Yeah. I wanna use the usb adapter to capture the packages but I am not able to do so.


----------



## patkim (Aug 30, 2017)

What do you see as output when you type iwconfig at the command prompt / console in Kali?

Can you connect any other USB Device e.g. USB Pen drive to Kali and mount it successfully therein?


----------



## RockySomai (Aug 30, 2017)

I am currently not in possession of the adapter. And while run iwconfig i get following :
Lo no wireless extensions.
Eth0 no wireless extensions.


----------



## patkim (Aug 30, 2017)

If you are not in possession of your WiFi adapter & if you have run iwconfig without WiFi adapter ever hooked to Guest, then above is what you shall anyways get.
Generally speaking Kali & Backtrack both should support WN721 & 722N.
Try connecting any pen drive and check if it's recognized by the Guest.
If VirtualBox is not recognizing any of the USB Devices at all, just in case, then you may have an altogether different problem. Also do check out this thread if you are using Windows as Host and this thread if you are using Linux as Host.

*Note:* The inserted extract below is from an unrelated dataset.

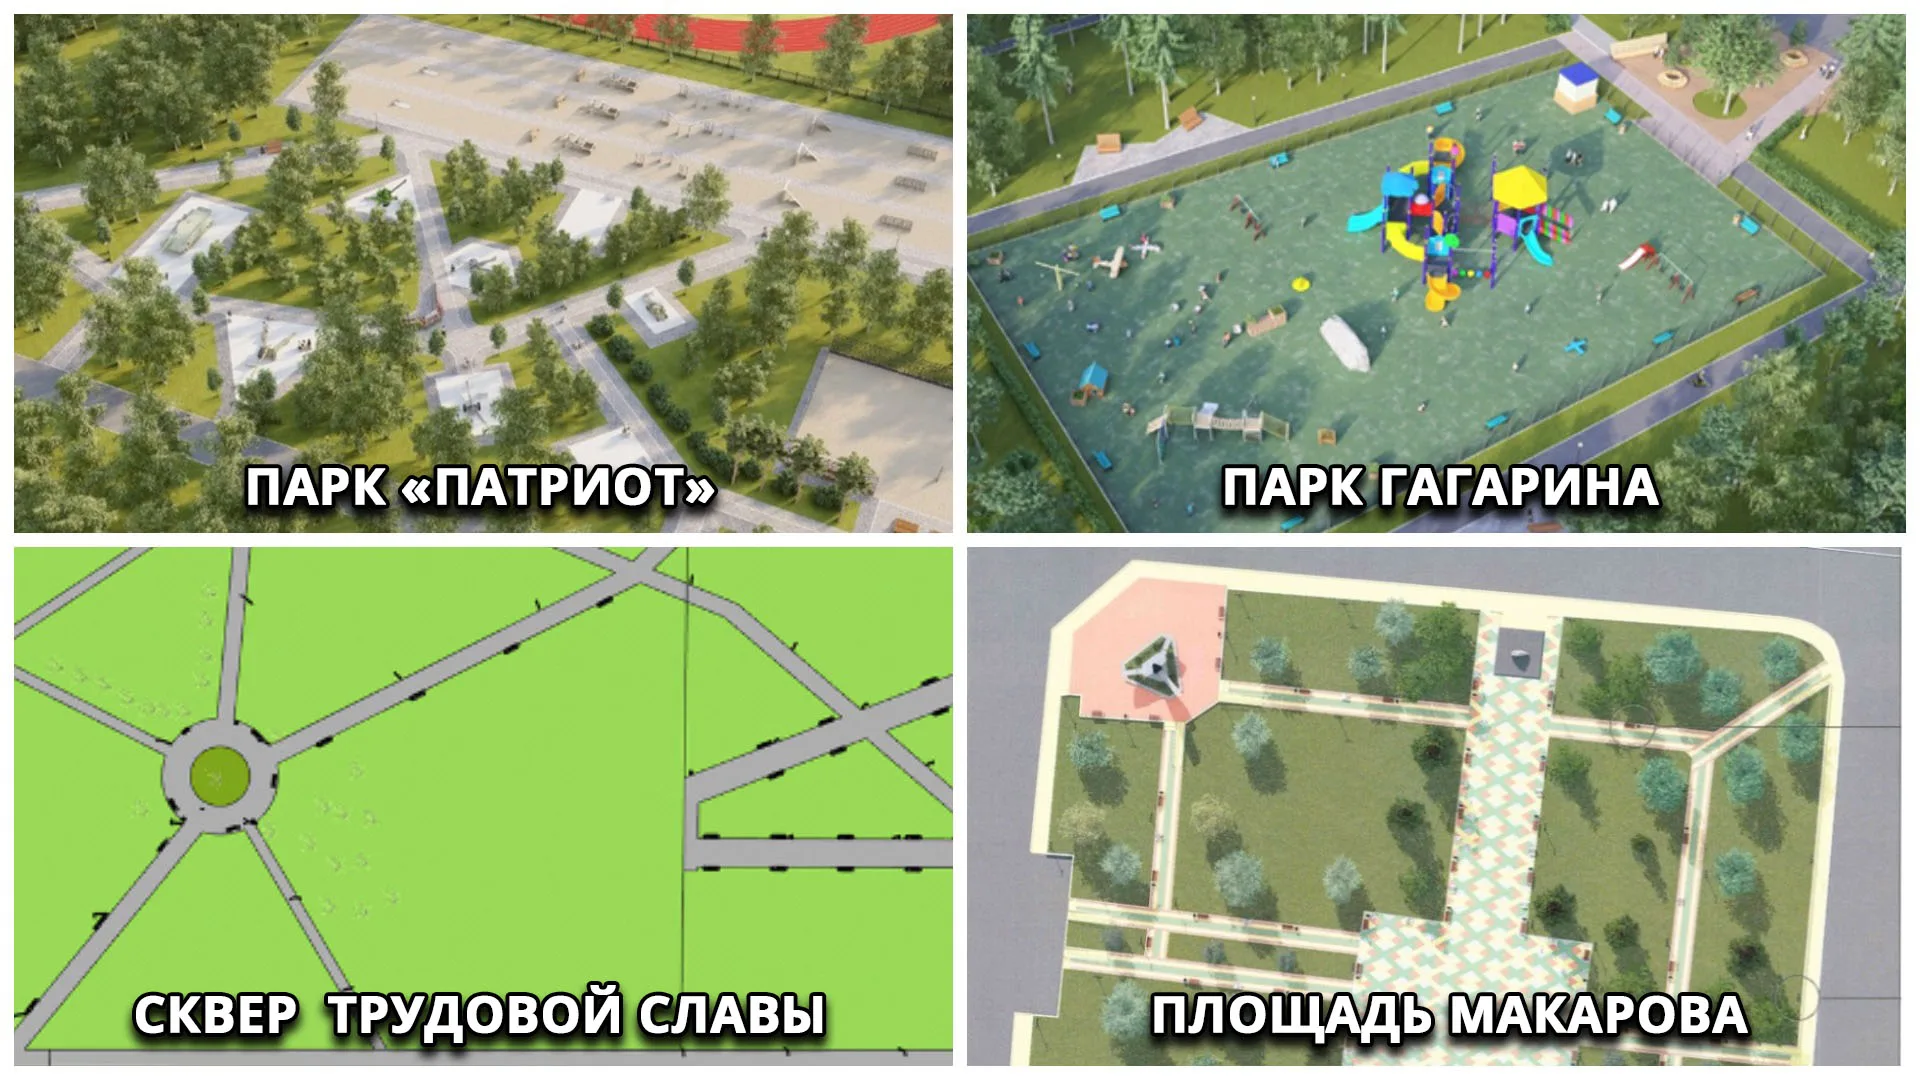 К благоустройству скверов и парков готовятся в мэрии Комсомольска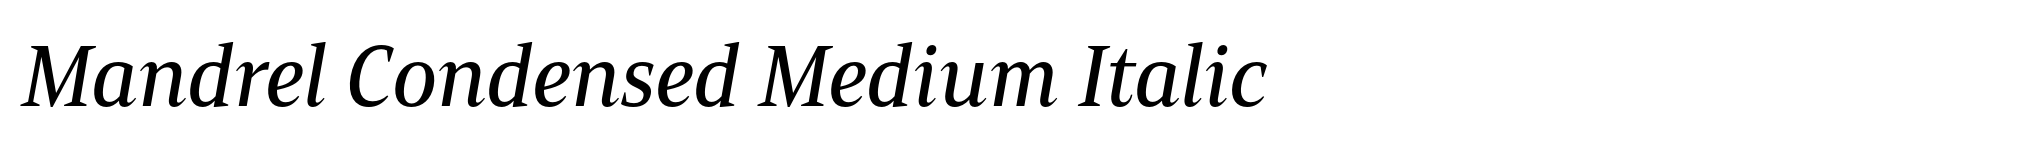 Mandrel Condensed Medium Italic image

I have personally successfully used both Kali & Backtrack on Windows Host + VMWare Player (Free for non commercial use) Guest with WN721N. If you are using Windows you can give it a try with VMWare Player. It has however very limited USB 3.0 support though. Only a select USB 3.0 chips are supported.


----------



## whitestar_999 (Sep 6, 2017)

Latest hardware versions of many TPLink products are not supported in linux/ddwrt/openwrt etc.
*www.amazon.in/TP-Link-TL-WN722N-15...p&tag=googinhydr18418-21&tag=googinkenshoo-21


> The product does not support Linux and does not have a sim slot
> Version: 2.0


----------